TL;DR When the community of a video game starts sharing dominant strategies, glitches, and guides around social media, game time is optimized, diminishing the fun of a game for the player, and lowering revenue for subscription based games like World of Warcraft. To avoid this “cybersocial optimization” of video games without embargoing the internet forums and communities, we create a companion vector space to the original World of Warcraft character statistics and perform KMeans clustering, concentration analysis on those clusters, and n-sphere sampling to counter strategies developed by internet forums and communities.

Lot’s of gamers that were brought up in my generation are questioning if games are still fun or if their enjoyment is nostalgia that we are trying to relive. Today’s oeuvre is this blog’s first, and a specific solution to an observation I have had that I am going to name cybersocial optimization.
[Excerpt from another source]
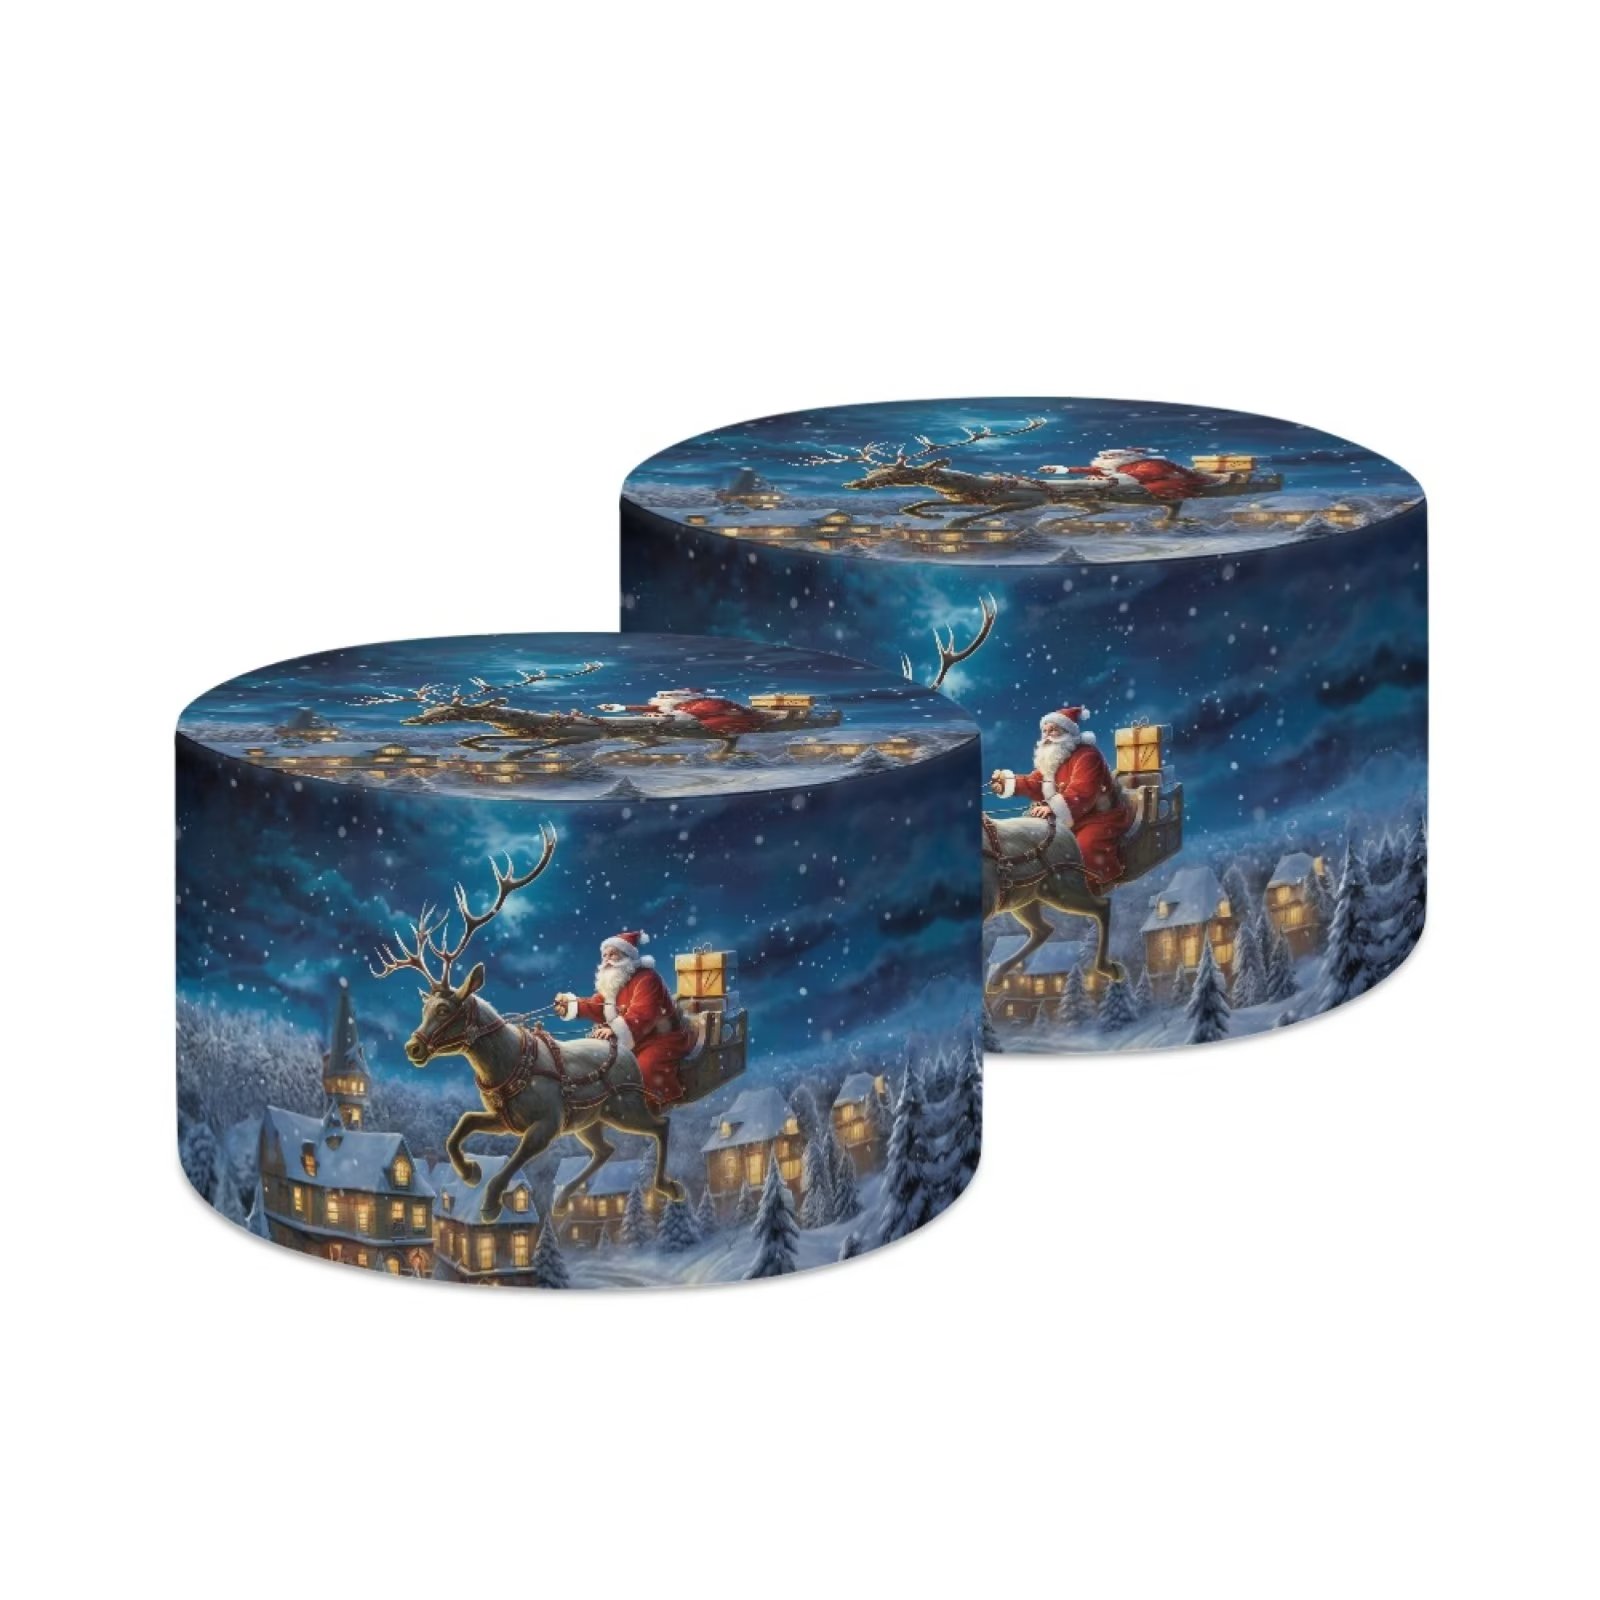 Pzuqiu Merry Christmas Lamp Shades Large Floors Lamp Cover Round Lampshade Santa Claus Reindeer Kids Study Room Decor UNO Fitting One Size Lamp Covers Set of 2 - image 1 of 8

Gamers are experiencing cybersocial optimization of their gaming experience, this post will be a technical solution to this social phenomenon. The solution is intended for the legendary World of Warcraft released in 2004, but the philosophy behind it could be applied other places.

Let’s talk about World of Warcraft and its cybersocial situation. World of Warcraft was released as an enormous place for players to explore, fight, make friends, and team up to defeat enemies that stood 50 feet tall. This popularity spun out of control. Millions of players from all of the world joined together to defeat enemies of The Alliance or Horde and collect powerful weapons and armor. The collection of this arsenal took months, guilds of players were created to defeat the raid bosses. Which took, in many cases, hundreds of tries consisting of very coordinated efforts of dozens of players representing months of hard work just to defeat one. This is when games were fun, or at least, this is the time where many gamers remember their favorite games being fun.

Back then, very small internet forums were made for the most dedicated players to share secrets about how to have the best try at defeating a raid boss. Little gems of advice found in the nooks of the internet. Later, social media created standard places for the community to interact, and boy did the community interact.

Now there are data science dashboards that show your live performance of your character, simulations that show you exactly which spells to cast in real time, data miners get gameplay clues about patches and expansions that haven’t even been released, and youtube creators race to see who will make the best boss fight guide. Games in the past weren’t more fun, they just weren’t being played for you.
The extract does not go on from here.